Deux femmes se saluant en respectant les gestes barrières, Marseilles 2020 Clément Mahoudeau/Afp

La rentrée scolaire et universitaire l’a bien montré : on ne peut pas pousser les murs. Alors, pour répondre aux exigences des nouvelles conditions sanitaires, la réorganisation des espaces est clef. Éviter que les flux se croisent, tenir les personnes à raisonnable distance, ne pas se toucher…

Les corps sont à ce titre autant un risque potentiel, qu’un outil pour le gérer. À travers les « gestes-barrières », les gestes sont moteurs de cette nouvelle organisation spatiale.

On la retrouve dans nos expériences quotidiennes, au travail, dans la rue, les magasins, et même chez soi. Les corps, qu’on oublie (trop) souvent dans une économie numérisée, reprennent ici toute leur importance. Les théories des organisations ont pensé leur rôle, en particulier dans les espaces de travail et les espaces publics. Comment (re)penser les « gestes-barrières » comme outil d’organisation de l’espace ?

Les « gestes-barrières » comme nouvel habitus

Contre le coronavirus, l’immunité collective (60 % de la population ayant contracté le virus) est loin d’être atteinte. Un vaccin ne saurait être développé avant plusieurs mois. En attendant, restent les mesures de distanciation sociale incarnées par ces fameux gestes-barrières. Ces gestes, que nous connaissons tous, sont aujourd’hui le principal frein à la propagation de la maladie.

Gestes barrières : des gestes simple pour éviter la transmission du Covid-19.

Au nombre de 5, ils ont été instaurés par le gouvernement dès la fin du mois de février : se laver très régulièrement les mains, tousser ou éternuer dans son coude, utiliser un mouchoir à usage unique, saluer sans se serrer la main, éviter les embrassades. Aujourd’hui, ils sont installés dans nos habitudes, et le port du masque obligatoire ne vient que les renforcer.
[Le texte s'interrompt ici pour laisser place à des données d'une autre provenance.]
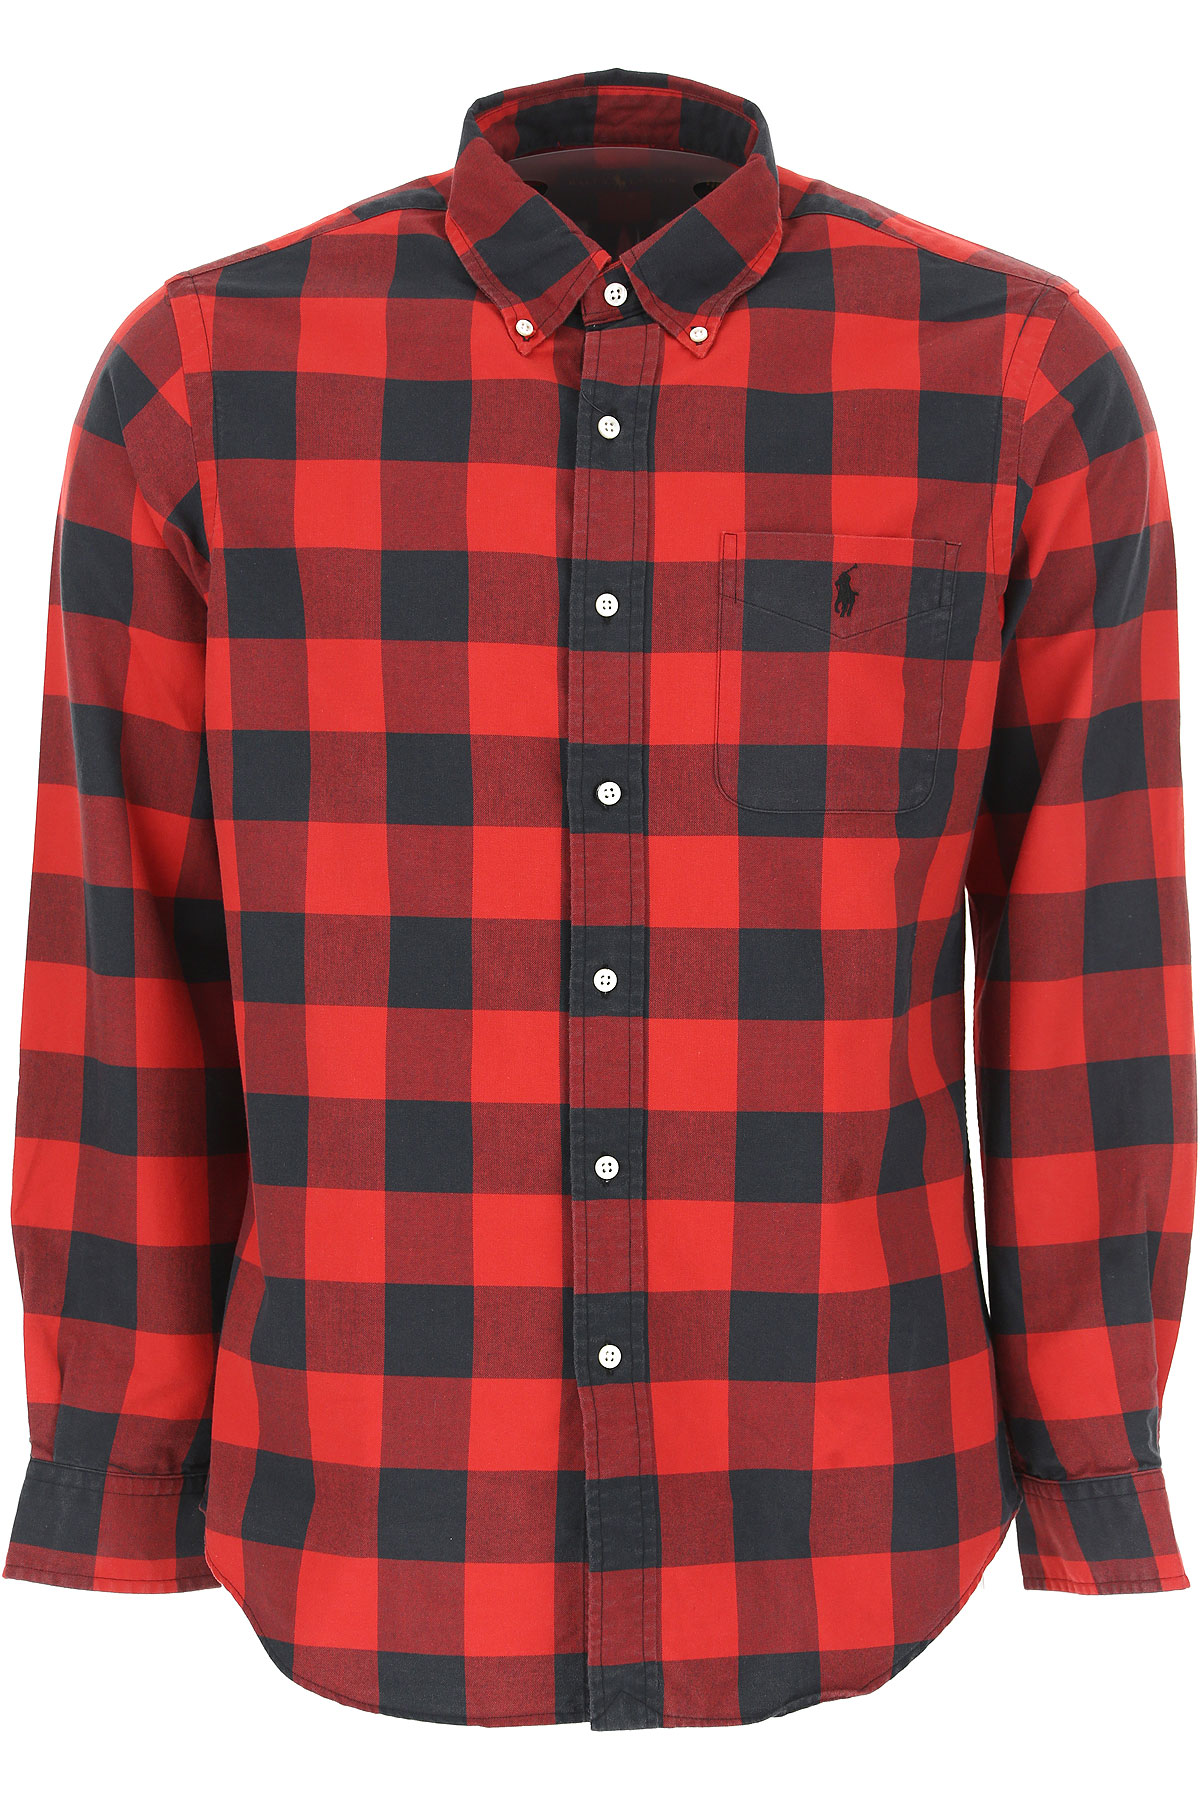 Ralph Lauren Shirt for Men On Sale, Red, Cotton, 2017, M • IT 48 XL • IT 52 USA-464563

Ces gestes-barrières sont utilisés partout, à domicile et au travail, en espace clos mais aussi en espace ouvert. C’est ce qu’on peut appeler un nouvel [habitus]au sens du sociologue Marcel Mauss :

j’entends par ce mot les façons dont les hommes, société par société, d’une façon traditionnelle, savent se servir de leur corps

Le corps est pour lui une « technique » acquise, et non pas innée, comme on pourrait le penser de prime abord. La déclinaison que fait Bourdieu de l’habitus, en développant sa capacité de domination (le sociologue parlant de « capital social »), correspond bien à la situation que nous vivons. En effet,

n’en déplaise à ceux qui pensent que la Covid met tout le monde à égalité, la réalité est plus nuancé : l’adoption des gestes-barrières au travail par exemple, se fait plus ou moins difficilement selon sa profession, la surface de son bureau… Et si on est seul dedans ou pas !
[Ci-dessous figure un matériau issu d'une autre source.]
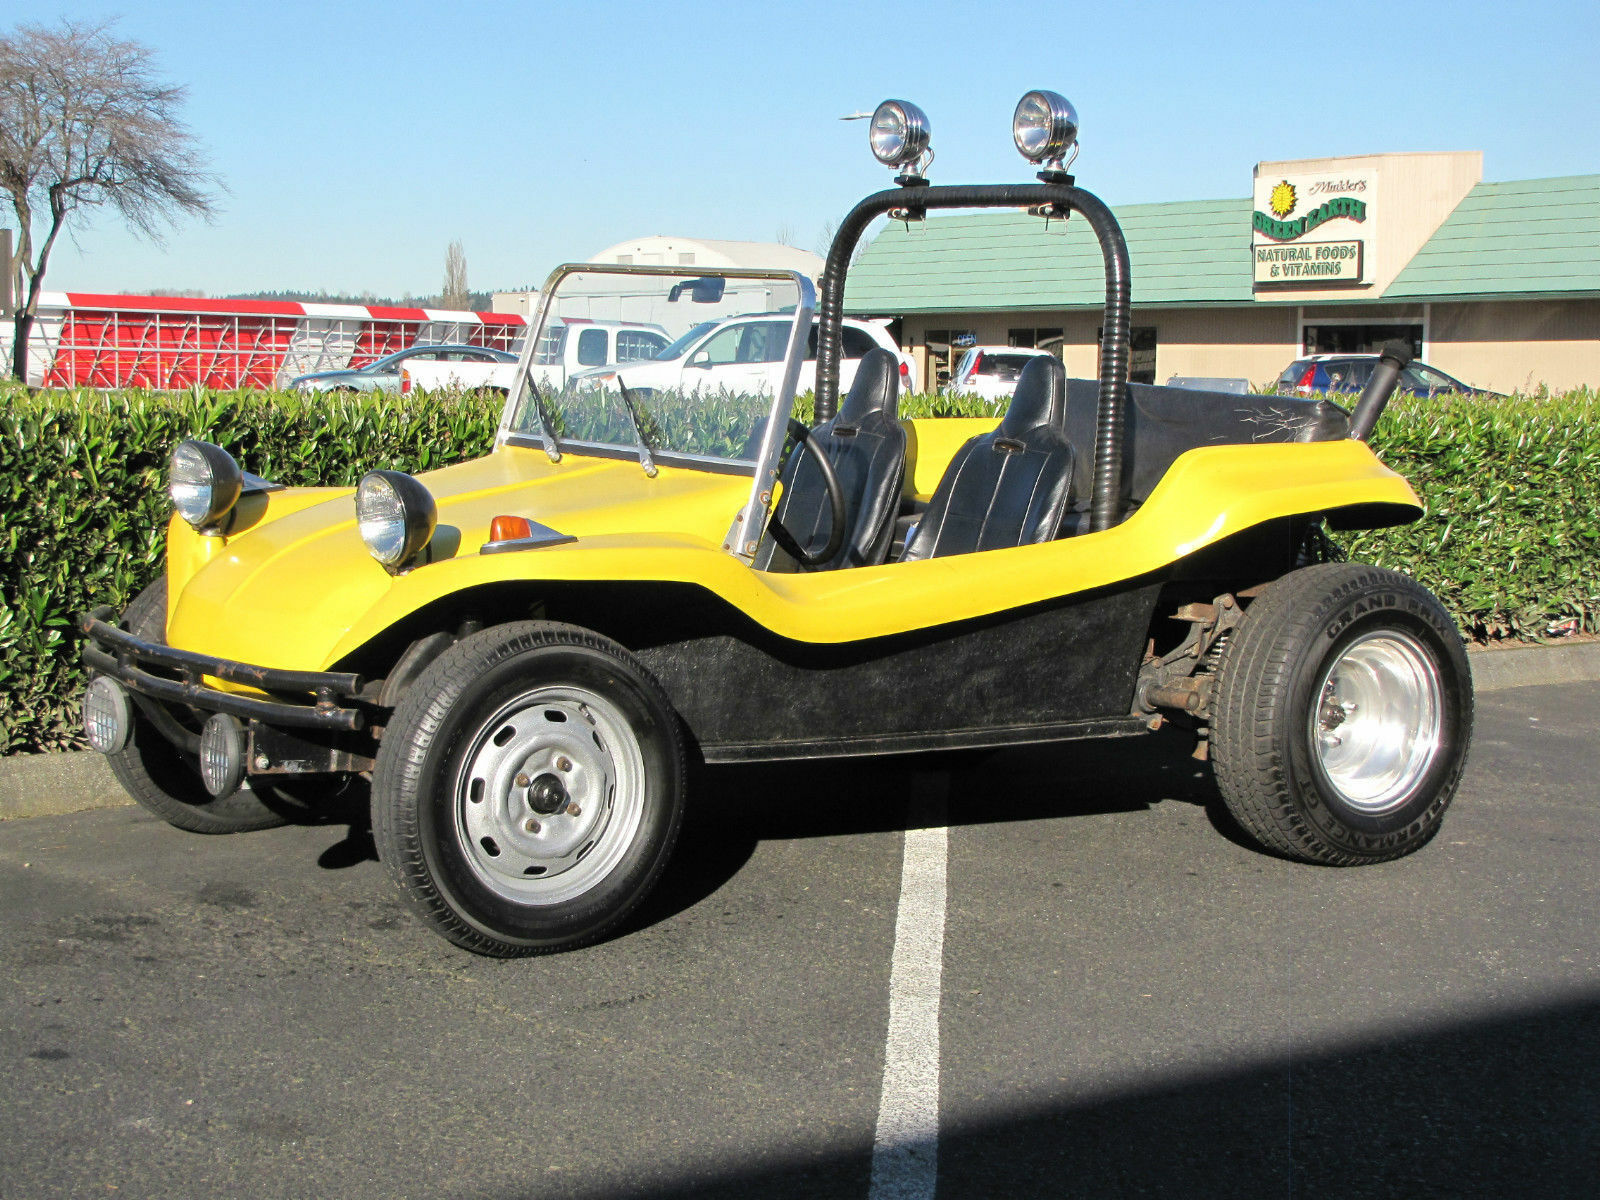 Manx Buggy Kit Ontario Active School Travel Meyers Wiring Diagram Top 10 Cars Ebay

Ces gestes-barrières forment une nouvelle manière de « se servir » de notre corps pour paraphraser Marcel Mauss. On peut donc considérer les gestes-barrières comme de nouveaux habitus, constituant une forme d’organisation contre le virus.

Manutentionnaire
Les positions du corps dépendent fortement du travail effectué. Pexels, CC BY

Ces gestes-barrières sont des habitus qui modèlent nos espaces privés et publics. En quelque sorte, les gestes façonnent les espaces au gré des situations, illustrant bien les théories voyant notre espace quotidien comme produit par nos pratiques.

Selon cette analyse, les gestes-barrières sont autant de techniques qui mettent en place des organisations spatiales variées, et qui évoluent en fonction des situations. En un mot, l’espace n’est pas figé, mais produit.

Gestes-barrières = gestes-frontières ?

Alors, pourquoi parler ici « gestes-frontières » ? Les gestes-barrières restent du ressort des individus, qu’on peut inciter (via le contrôle, la répression), à respecter ces nouvelles règles. C’est le cas pour le port du masque ou la distance physique par exemple. La responsabilité est celle des individus, comme le montre l’amende de 11 000 euros infligée aux citoyens britanniques qui ne respectent pas un auto-confinement en cas de contamination au coronavirus.

En conséquence, on peut observer une distanciation devenue quasi naturelle dans la manière dont nous parlons aux gens, à la manière dont nous percevons les corps des autres également : une toux ou un éternuement deviennent suspects. Cette perception de notre corps et ceux des autres varie bien évidemment en fonction de notre âge ou situation médicale.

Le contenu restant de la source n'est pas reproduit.